Daha sonra ışık saatinden kıvılcımlar parladı.
(Sonunda cevabı buldum…)
Urd'un çaresiz sesi oradan duyuldu ama.
“Damadımın dediği gibi iz bırakmayacağım.”
Swish…
Bir Taiji sembolü saatten yükselip geriye doğru dönmeye başladığında,
(O kadar yakındım ki…)
Urd'un sesi giderek zayıfladı.
ve tersine dönen taiji sembolü hızlanırken,
Çatırtı. Çatırtı…!
Işık saatinin her yerinde aynı anda çatlaklar belirdi.

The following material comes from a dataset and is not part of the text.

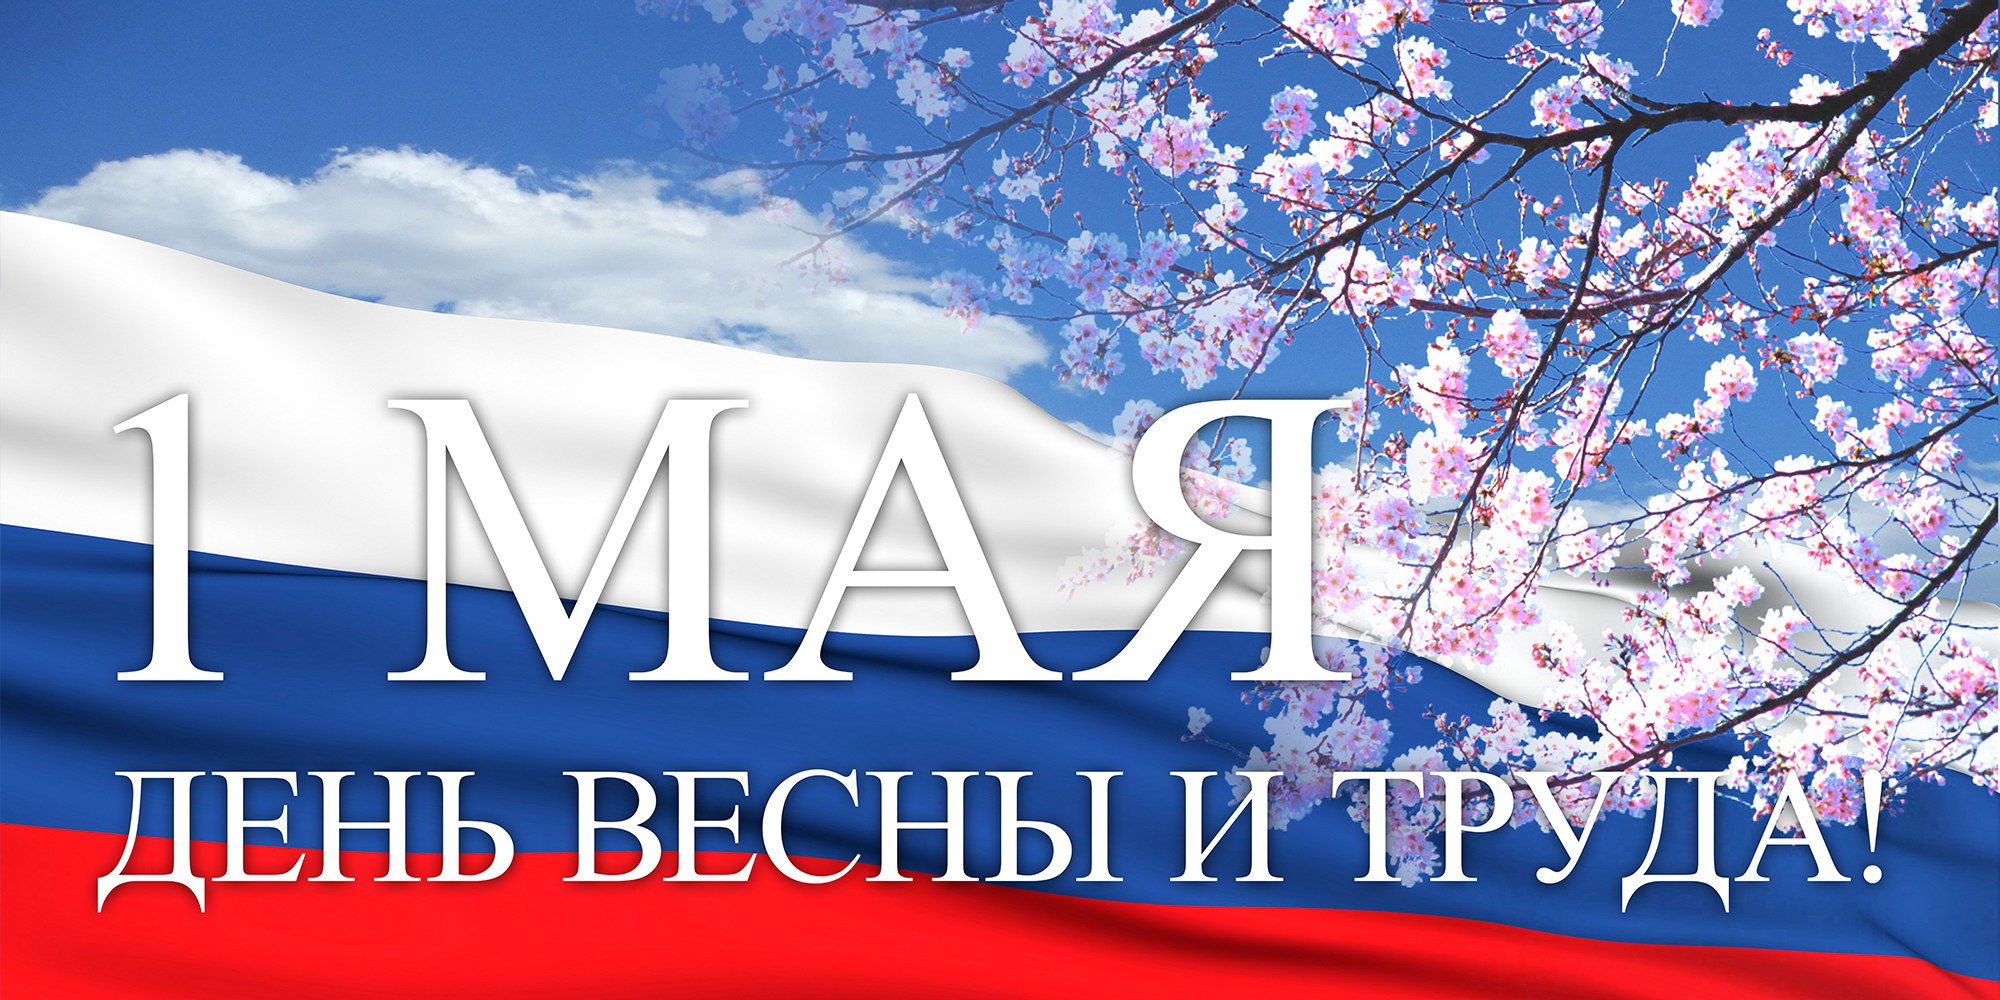 1 мая праздник мира и труда , открытки с праздником 1 мая флаг  1 мая праздник мира и труда , открытки , картинки с праздником 1 мая , с изображением на открытке флага России белый , синий , красный цвет , 1 мая цифра один .
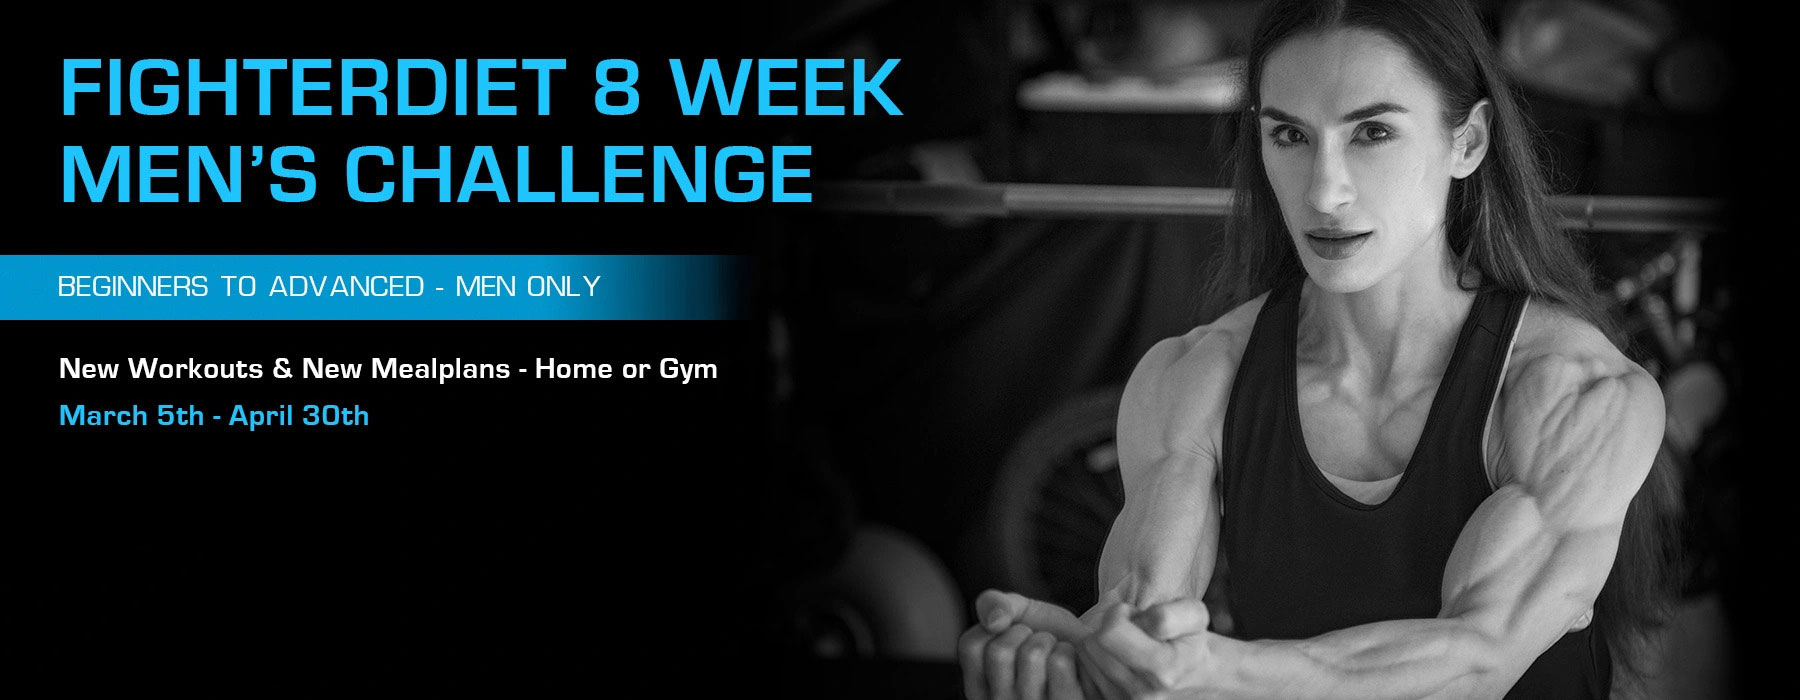 FD 8 week men's challenge

Hızla taiji sembolüne kapıldı.
(Hayır… yapma…)
Işık saati sanki bu şekilde ölemezmiş gibi birkaç kez yanıp söndü ama.
vızıldamak…!
Her seferinde Taiji sembolü şiddetle dönüyor, umutsuzca yanıp sönen ışığı bile yutuyordu.
ve Taiji sembolü onlarca, yüzlerce kez döndükten sonra, bir zamanlar sağlam olan saat hiçbir iz bırakmadan ortadan kaybolmuştu.
“Bitirdin mi?”
“Hayır. Bunu daha detaylı bir şekilde halletmem gerekiyor.”
Saat zaten tamamen parçalanmış ve Taiji sembolüne girmiş olmasına rağmen Jiang Shang, gelecekte herhangi bir sıkıntı bırakmayacağını söyleyerek Taiji sembolünü hareket ettirmeye devam etti.
Peki bundan sonra ne kadar zaman geçti?
Swish…
Tersine dönen Taiji sembolünün hızı yavaşladı.
“Artık bitti sanırım.”
Buna bakarken sakalını okşayan Jiang Shang, Taiji sembolüne doğru uzandı.
Daha sonra Taiji sembolünün biçimi ortadan kaybolunca,
vızıldamak…!
Sonsuz kılıç eline geri döndü.
Jiang Shang ona karmaşık gözlerle baktı, sonra
“…Gerçekten teşekkür ederim. Bana intikam alma şansını verdiğin için.”
Başını kısaca Seong Jihan'a doğru eğerek yumruk ve avuç içi selamı verdi.
Bu, İmparatorun dünyayı birleştirdiğinden beri başka bir kişiye gösterdiği ilk nezaketti.
“Ben… kesinlikle sana borcumu ödeyeceğim.”
——————
Fenrir Scans
(Tercüman – Asura)
(Düzeltici – Silah)
Bölüm güncellemeleri için Discord'umuza katılın!